His electrifying playing and his charming personality were inspiring - not only to cellists and composers but to audiences and humanity. He greeted people with a trademark bear hug, huge smie and sparkling blue eyes. In his finest attire, he wore his trousers halfway between his waist and chest, like a Russian grandpapa.
"I think he actually played the clown a lot in order to make people comfortable," said David Finckel, who studied with him for nine years. "He was an incredible psychologist and he was able to manipulate situations and people to make them comfortable."
Pablo Casals made the cello into a solo instrument. Rostropovich expanded the instrument's repertoire by championing 20th century composers.
In addition to composers, Rostropovich inspired such students as Jacqueline du Pre, Mischa Maisky, Natalia Gutman, David Geringas and Han-Na Chang.
"He always gave me the feeling that if I just tried as hard as he did, and that I loved it as much as he did, then I could do it, too," said Finckel, the Emerson String Quartet's cellist and co-artistic director of the Chamber Music Society of Lincoln Center.
Finckel was 11 or 12 when he first met Slava backstage at Carnegie Hall. In his teens, he would follow Rostropovich from city to city during his U.S. tours and go back stage afterward.
"I always had the same reaction, even up to the last time I heard him play - that I just wanted to run home and pick up my cello," Finckel said.
Eventually Rostropovich recognized him and agreed to mentor him.
"We had lessons in all the oddest places: backstage and in the hotel room, in green rooms, anywhere," Finckel said. "He never refused me ... and he never would take anything in return, not money, nothing."
Rostropovich would not teach the technical nuts and bolts of playing. Instead, he would talk about the music.
"My main intention is to get the composer's idea across," Rostropovich said in an interview in the October 1997 issue of Strad magazine. "I aim for the fantasy and the imagination of the composer."
When he conducted, Rostropovich recalled in a 2002 interview with The Associated Press, he would commune with the composer, especially while leading a piece by his teacher Shostakovich.
"His music brings his soul alive to me," Slava said. "Sometimes his face is telling me that maybe I'm conducting a little too slow, or a little too fast.

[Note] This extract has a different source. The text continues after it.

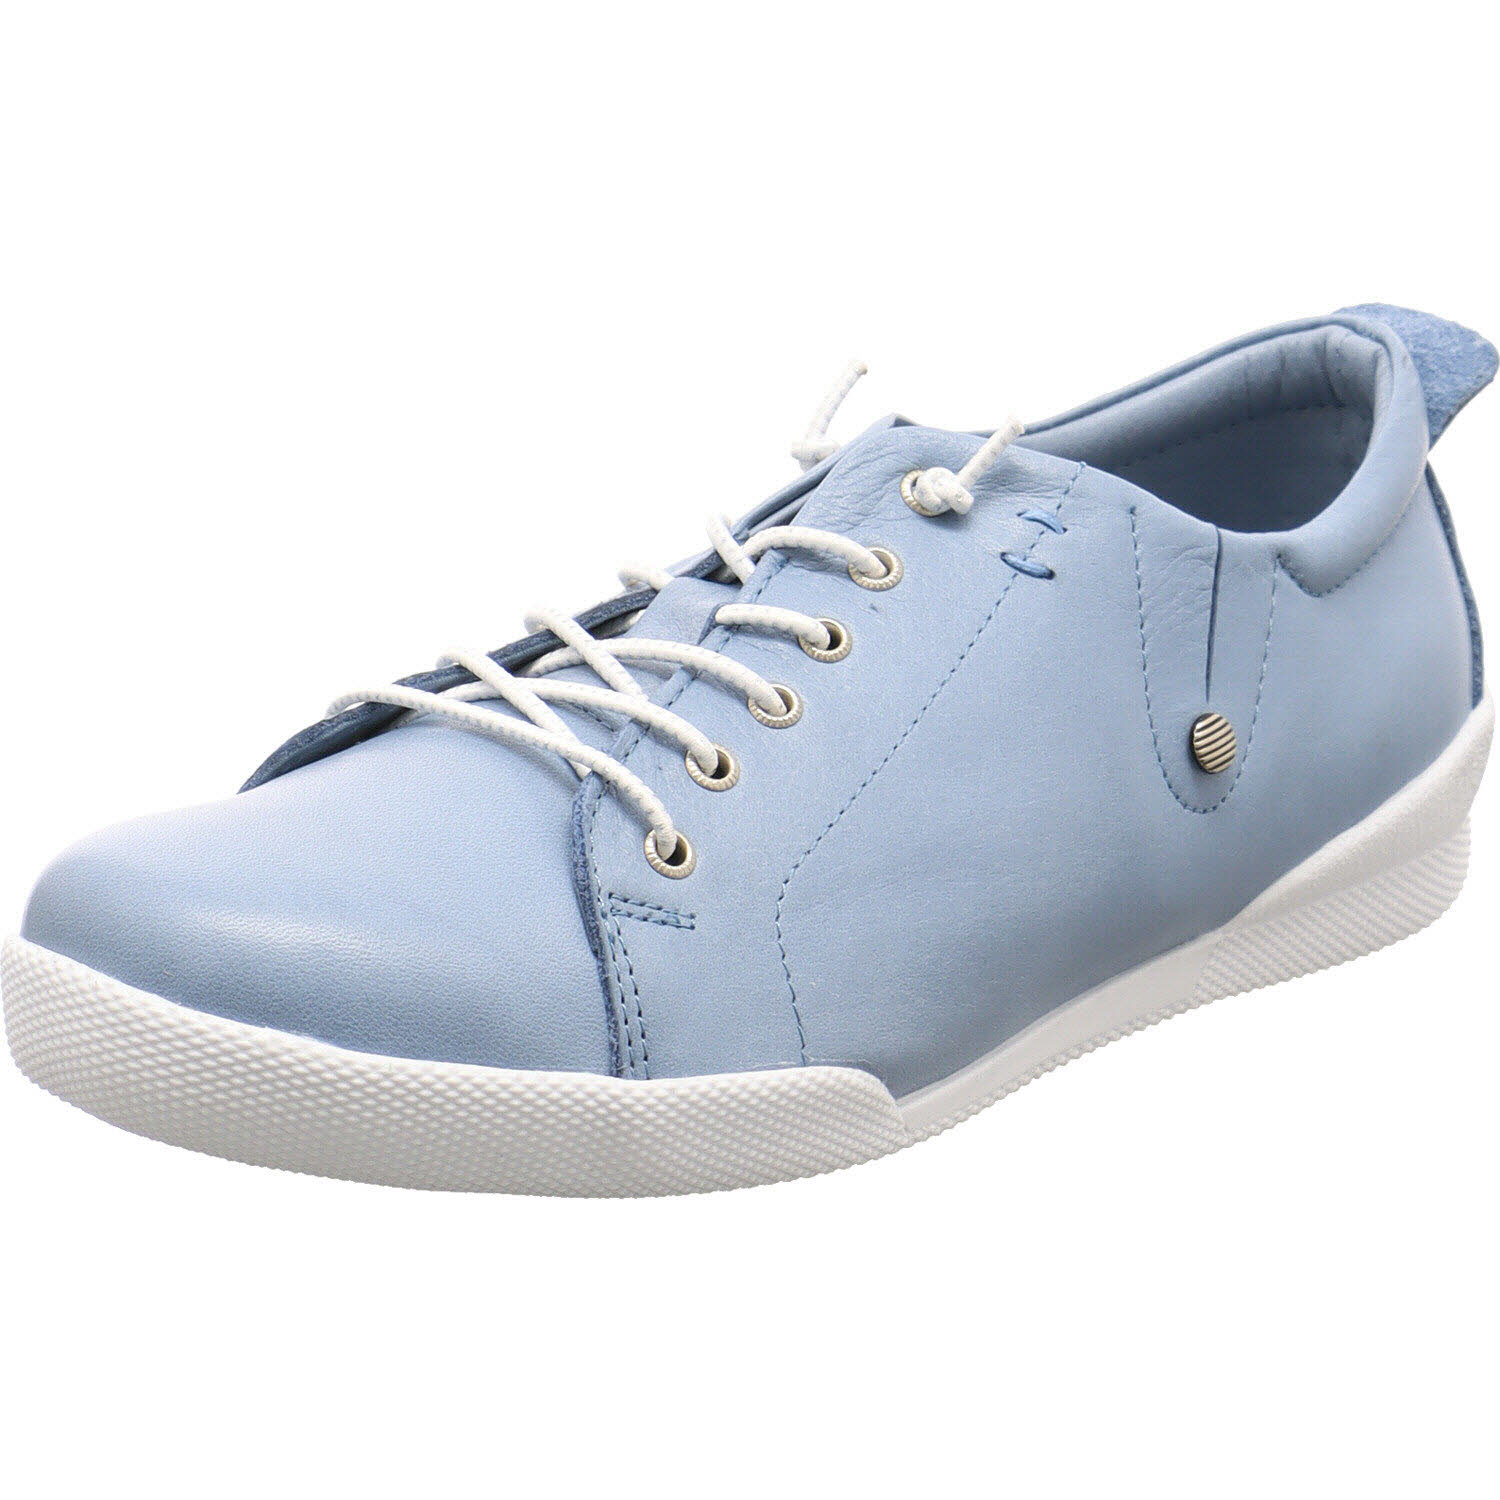 Damen Sneaker low von Andrea Conti auch in Blau erhältlich

And when I improve, the face disappears."
Cellist Glenn Garrick, who played under Rostropovich's baton at the National Symphony Orchestra, attended Slava's master classes for cello. At one, Garrick recalled in Strad, Rostropovich gave this advice to performers:
"The artist must forget the audience, forget the critics, forget the technique, forget everything, but love for the music. Then, the music speaks through the performance, and the performer and listener will walk together with the soul of the composer, and with God."
Slava loved people, loved music. And Slava prevailed.